Marta (altowiolistka), Grzegorz (psycholog) i Michał (muzyk zespołu Upside Down) żyją już głównie zaplanowanym w szczegółach wyjazdem.

Przypomnijmy: przed nimi 8,5 tys. kilometrów przez Europę, Maroko, Saharę Zachodnią, Mauretanię, Senegal (Dakar) do Gambii. Tam planują pożegnać się z mercedesem i wrócić do Polski samolotem.

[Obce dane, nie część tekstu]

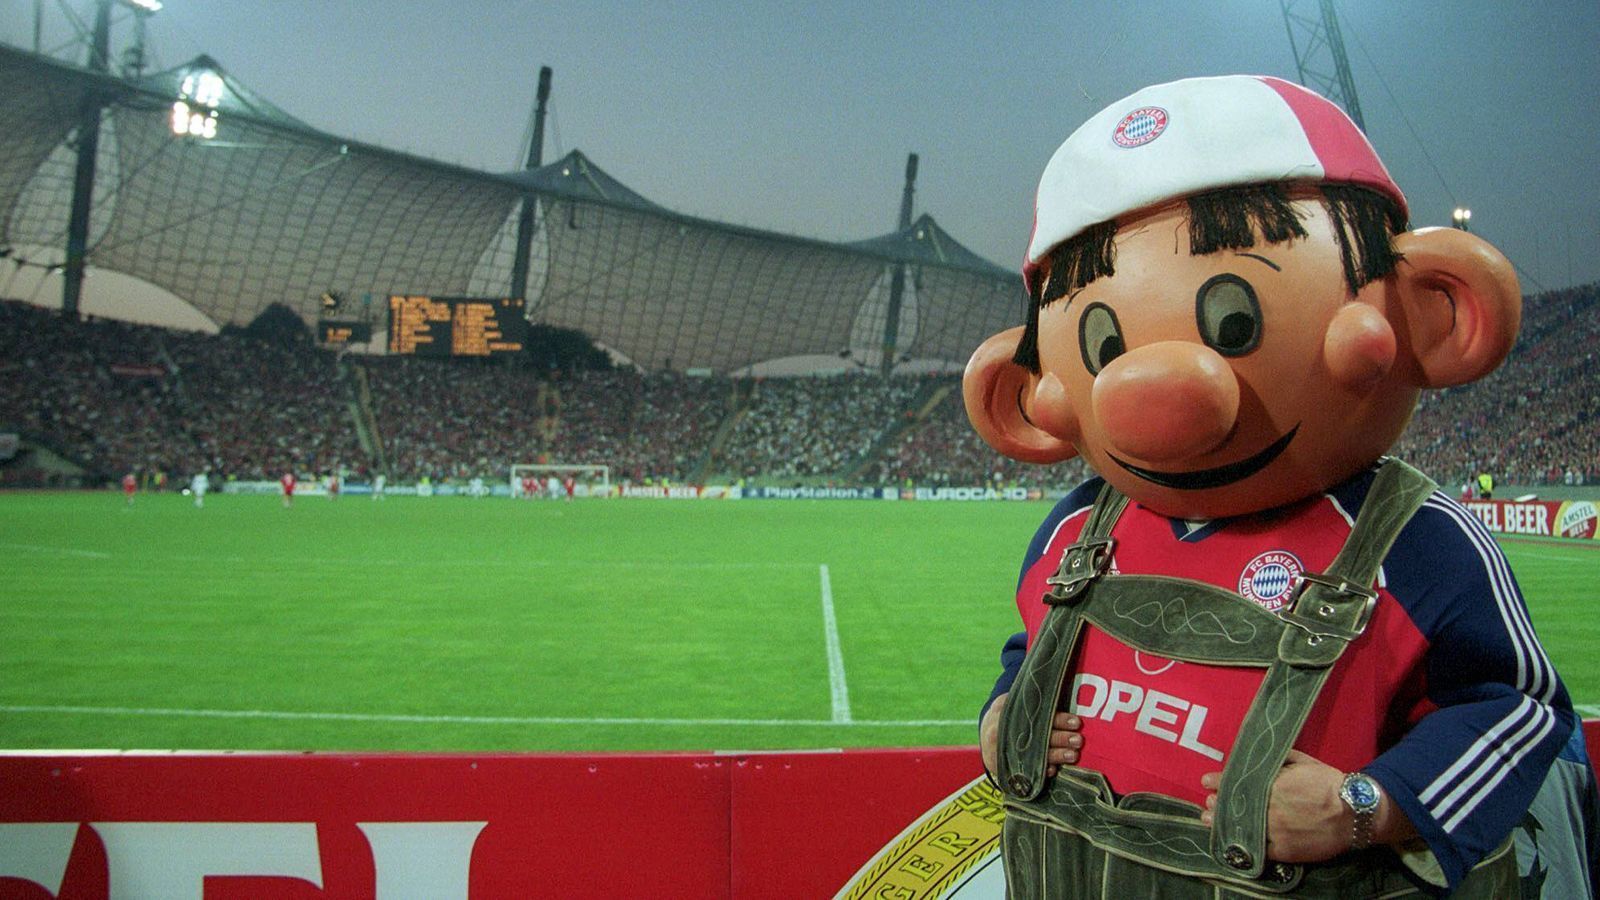 
                <strong>FC Bayern München: Die Maskottchen im Wandel der Zeit</strong><br>
                Bazi im alten Olympiastadion. Es scheint ihm gut zu gehen, auch wenn die Beulen im Gesicht eigentlich Anlass zur Sorge bereiten sollten.

Po artykule w "Pomorskiej"...

- Odezwali się do nas ludzie, którzy pokonali podobną trasę. Wiele cennych rad dostaliśmy od Łukasza Czapiewskiego z Kościerzyny. Dwa lata temu wybrał się z trzema kolegami do Afryki mercedesem 124. Doradzał, żeby nie jeździć nocą. Dwa auta chciały jego ekipę zepchnąć nocą z drogi, ale udało im się dotrzeć pod jednostkę wojskową, gdzie bezpiecznie przeczekali - relacjonuje Michał Lutrzykowski.

Ale nie tylko tego typu ataków się obawiają. - Wczoraj dowiedzieliśmy się, że Al-Kaida przyznała się do listopadowego uprowadzenia w Mauretanii trójki Hiszpanów, uczestników misji humanitarnej. Marta trochę się zdenerwowała, ale się nie poddajemy. Poza tym w tym samym czasie podobna trasą pojedzie Africa Race. Tak sobie wykalkulowaliśmy, że dzięki temu spada prawdopodobieństwo, że akurat nas porwą - z optymizmem dodaje muzyk.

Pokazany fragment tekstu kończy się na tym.